A man who was “five seconds from drowning” in the Thames was rescued by lifeguards last week, just as a national campaign was launched to prevent people drowning.
Volunteers from the Royal National Lifeboat Institution (RNLI) were called at 5am on May 25 to reports of a man battling to stay afloat in the river by Blackfriars Bridge.
The 36-year-old was spotted by the crew of a Thames Clipper crew.
Craig Burn, helm of Tower RNLI lifeboat crew, said: “His head went under and all we could see was an arm and hand as he was struggling.
“We were reaching out for him and his head came up again, and my crew grabbed his flailing arm and pulled him aboard the lifeboat.
“He was probably five seconds away from drowning. Given his temperature and the water he had ingested, if we hadn’t got him there and then, he’d have gone under.”
He added that the 36-year-old, who could not be identified, was wearing black clothing and had black hair, which made him all the more difficult to spot in the early morning light.
He was treated on board the lifeboat for cold and water inhalation, and was taken back to the lifeboat station for London Ambulance Service paramedics and the Met Police’s Marine Unit to take over.
The London Ambulance Service confirmed he was taken to hospital, but was not treated at a major trauma centre, and blue lights were not used by the ambulance.

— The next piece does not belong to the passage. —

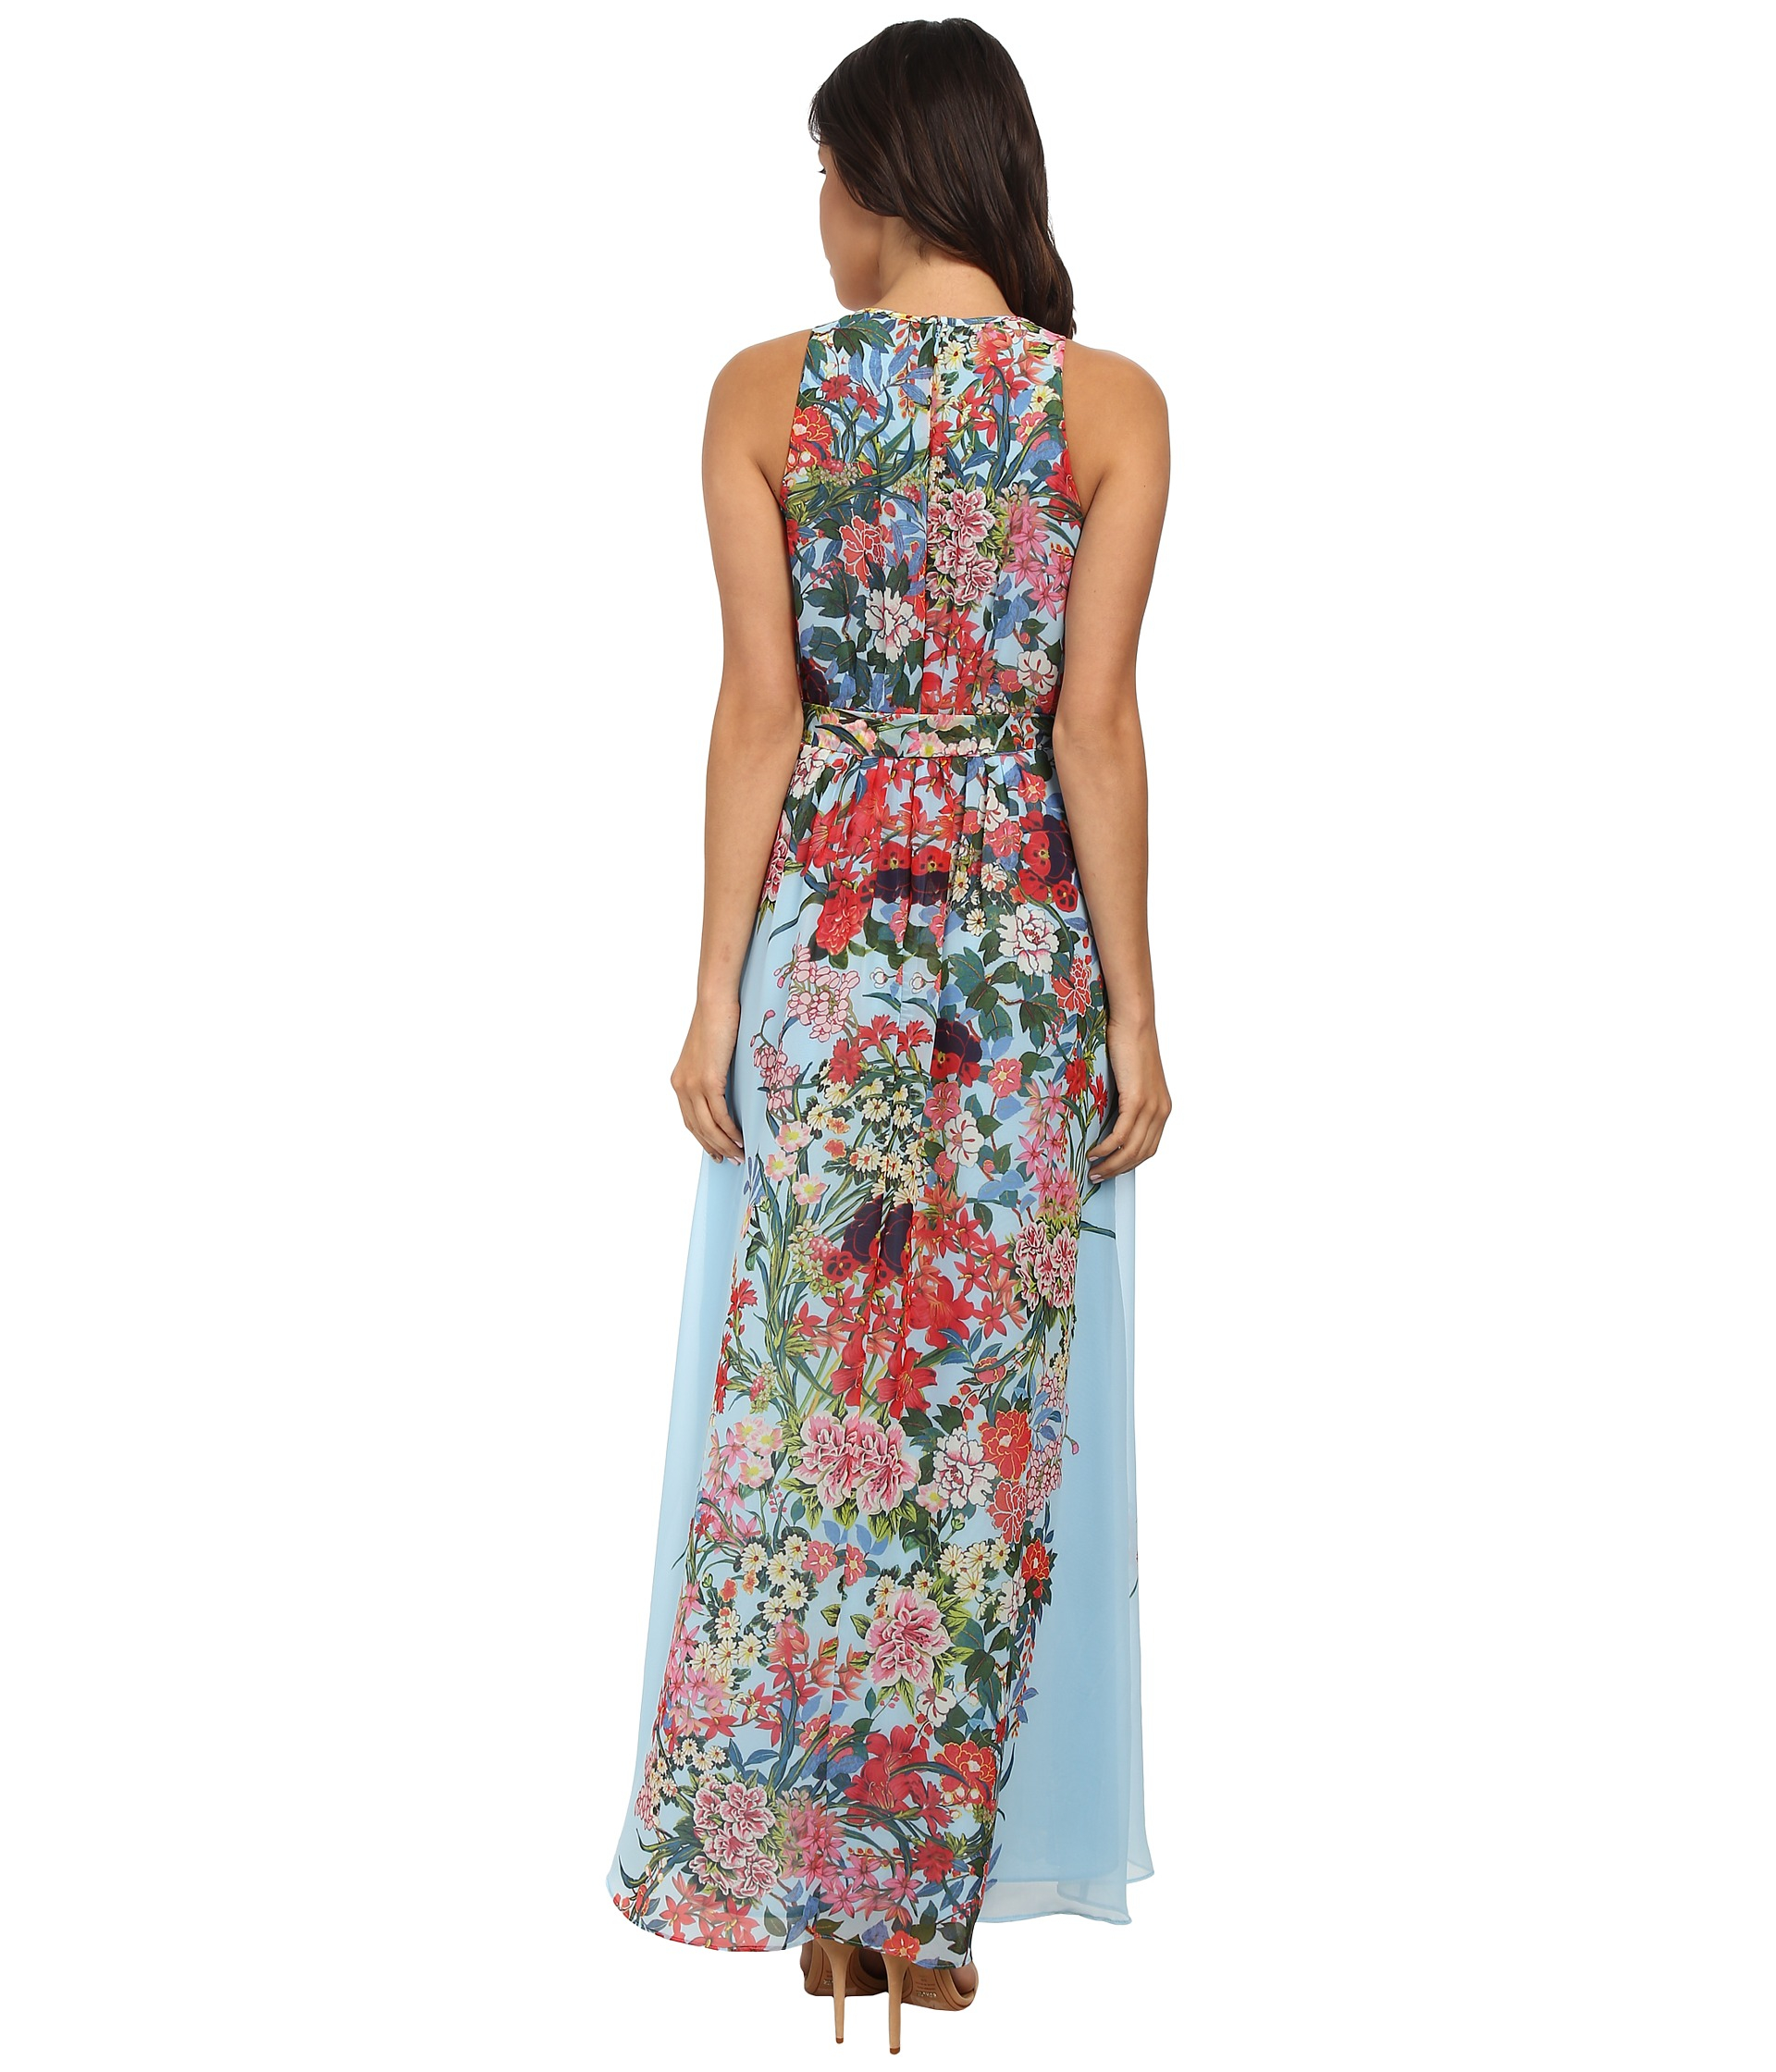 Lyst - Adrianna Papell Printed Multi Floral Halter Long Maxi Dress in Blue

The rescue by chance happened on the same day the RNLI launched its ‘Respect the Water’ campaign, which aims to inform the public of how to deal with the potentially fatal effects of cold-water shock.
The RNLI recommends you should focus on floating until the effect of cold-water shock passes, so you can catch your breath and swim or call for help.
The campaign is targeted at adult men, who account for 79 per cent of drowning fatalities in the Thames over the past five years.
Neither the RNLI nor the LAS were able to confirm how the man had come to be in the water.